За два десятка лет объехала она с мужем почти всю границу Казахстана и всюду, где жила, сажала вишни.
ПОЕДИНОК СО СМЕРТЬЮ
Вторые сутки шел мелкий холодный дождь. Лесные дебри, обычно полные птичьего щебета, притихли. Намокла и прилегла высокая трава. Между камнями затаились два пограничника — командир отделения Невоструев и красноармеец Кропоткин. Плащи их топорщились, стесняли движения, с фуражек, ставших от дождя темно-зелеными, стекала вода на шею, лицо. Невоструев и Кропоткин досадовали на дождь, время от времени ругая «прохудившееся небо» и промокаемые жесткие плащи.
— Много в них настреляешь, колом стоят, — бубнил Кропоткин.
— Снимем, если что.
— Придется.
Они лежали на опушке густого леса. Перед ними была открытая поляна, метров триста ширины, а дальше снова невысокие горы и снова лес: сосны, развесистые березы и карагачи, кусты барбариса. На поляну выходило ущелье Чубурма-Хасан. За этим ущельем и наблюдали пограничники.
Три дня назад начальник поста Кызасу Хохлов поставил перед Невоструевым задачу: с пятью пограничниками выдвинуться к ущелью, встретить и уничтожить банду, которая намеревается через Киргизию по ущелью Чубурма-Хасан уйти за кордон. Невоструев не стал размещать свой наряд в ущелье, потому что в нем трудно было расположиться так, чтобы банда не заметила их, а обнаружив засаду, она могла уклониться от боя и повернуть назад.

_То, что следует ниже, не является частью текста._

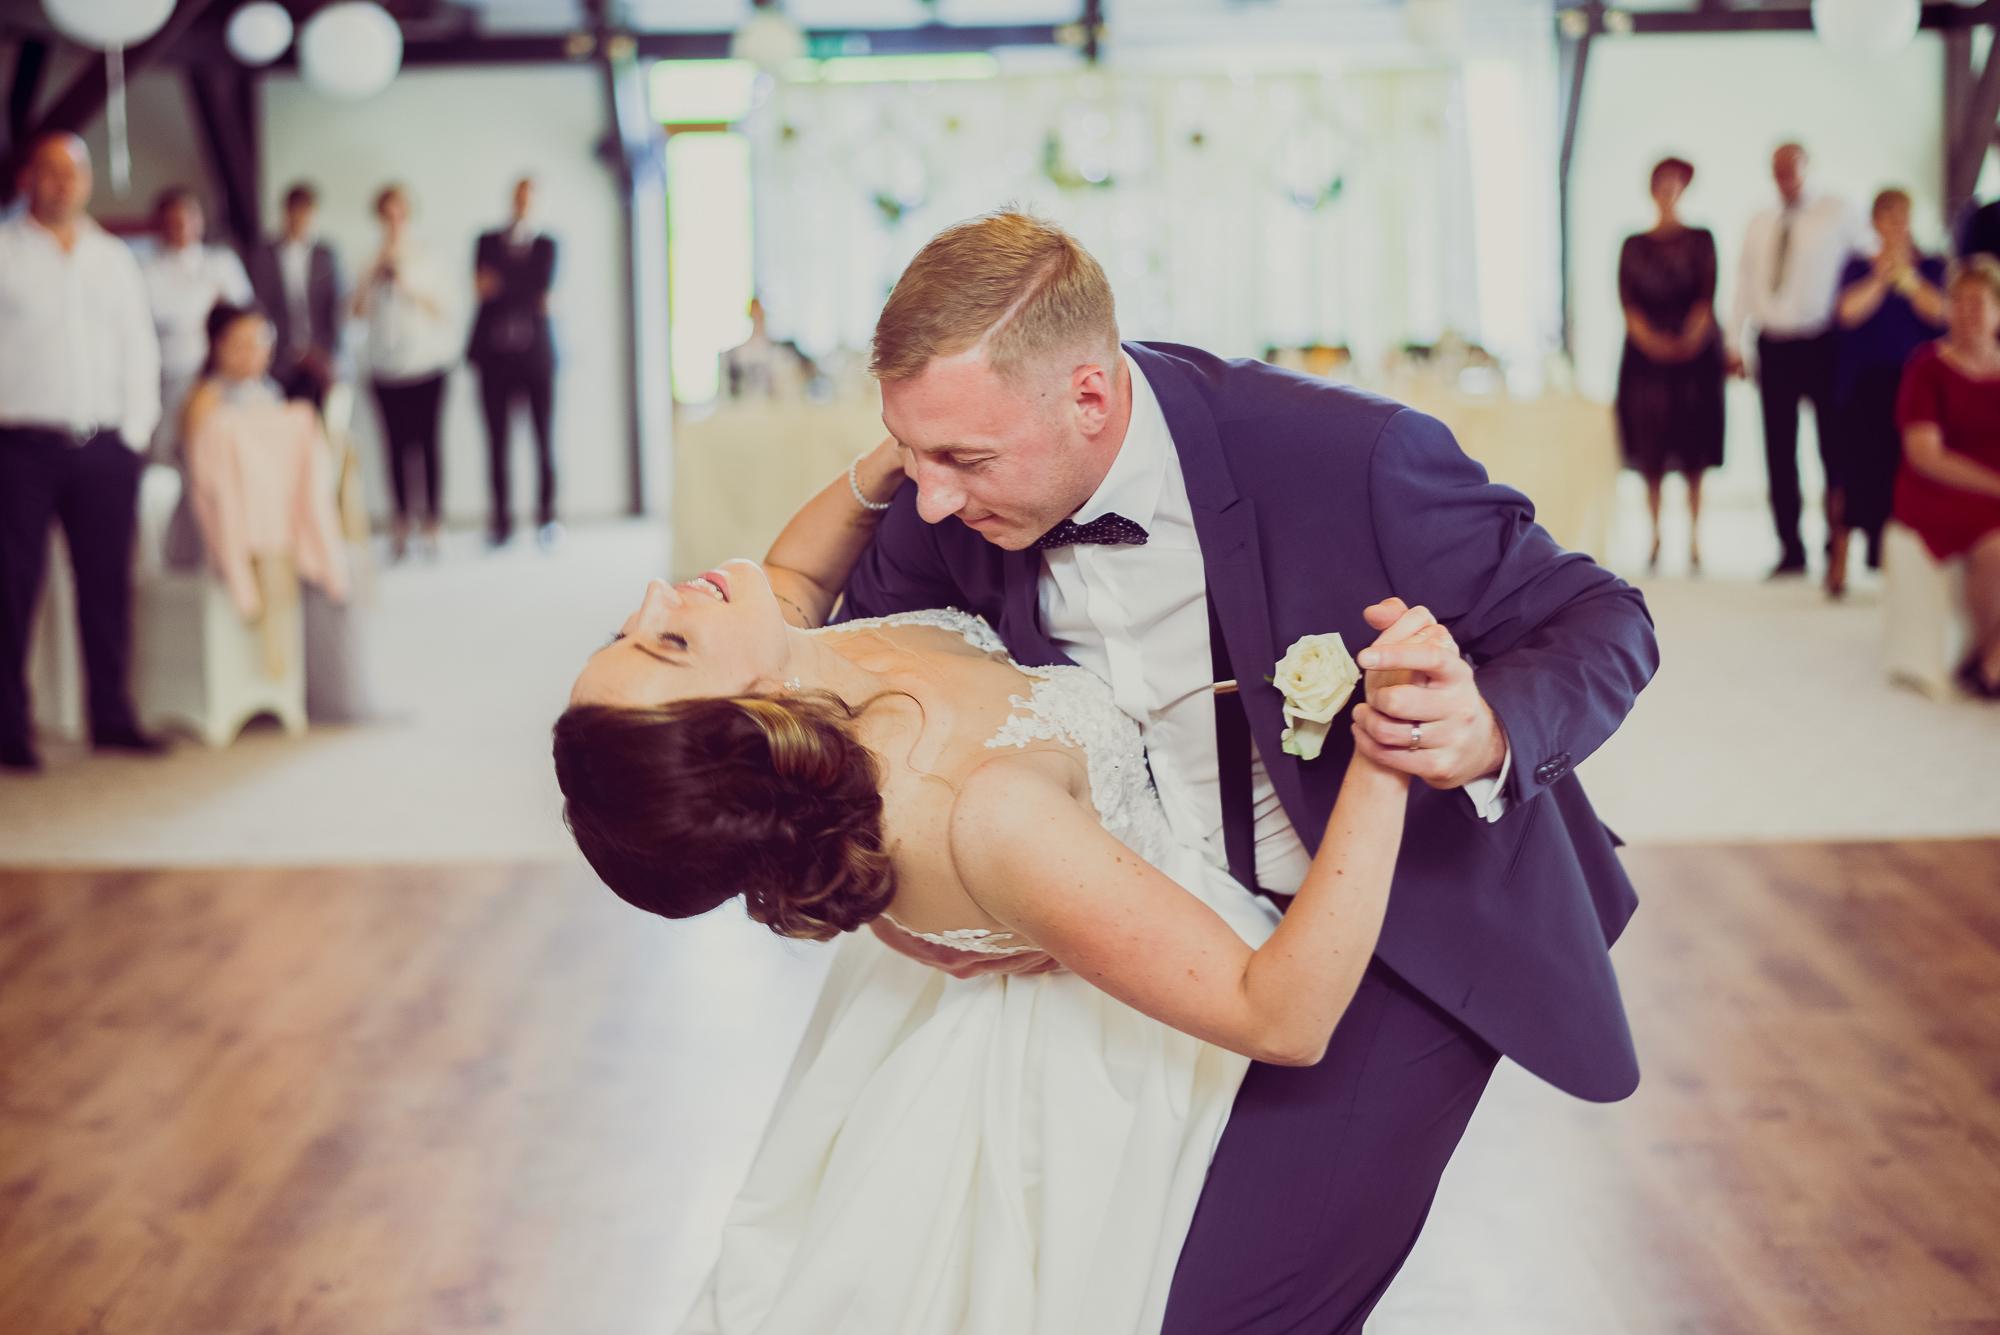 fotografie de nunta, dansul miriilor, korona king ernei,

Тогда — вынужденная, может быть, длительная погоня. Такого исхода встречи Невоструев не хотел и выбрал поэтому место стоянки в лесу перед поляной.
Расчет был прост. Выход из ущелья хорошо виден, и если банда появится, то пока она пересечет поляну, пограничники успеют приготовиться к бою, отрезав ей путь отхода, если же басмачи не пойдут сюда, а свернут по краю поляны в другое ущелье, начинающееся недалеко от Чубурма-Хасана, идущее к Красной сопке, за которой тоже начинается густой лес, то и тогда часть наряда сможет быстро и незаметно, обогнав банду, сделать засаду у Красной сопки. Другой частью наряда можно будет закрыть путь отступления. Банда окажется «в мешке» и вынуждена будет принять бой.
Три дня посменно наблюдали пограничники за ущельем, три ночи, тоже посменно, лежали они неподвижно в колючих кустах барбариса у самого выхода из ущелья, но банда не появлялась. Много предположений высказали солдаты: может, не верны данные, полученные начальником поста, может, басмачи изменили маршрут, может, данные поступили с запозданием и банда уже ушла. Даже сам командир отделения стал сомневаться и ждал, что вот-вот с поста должно поступить какое-либо распоряжение; но распоряжения не было. Дождь шел мелкий, надоедливый, холодный.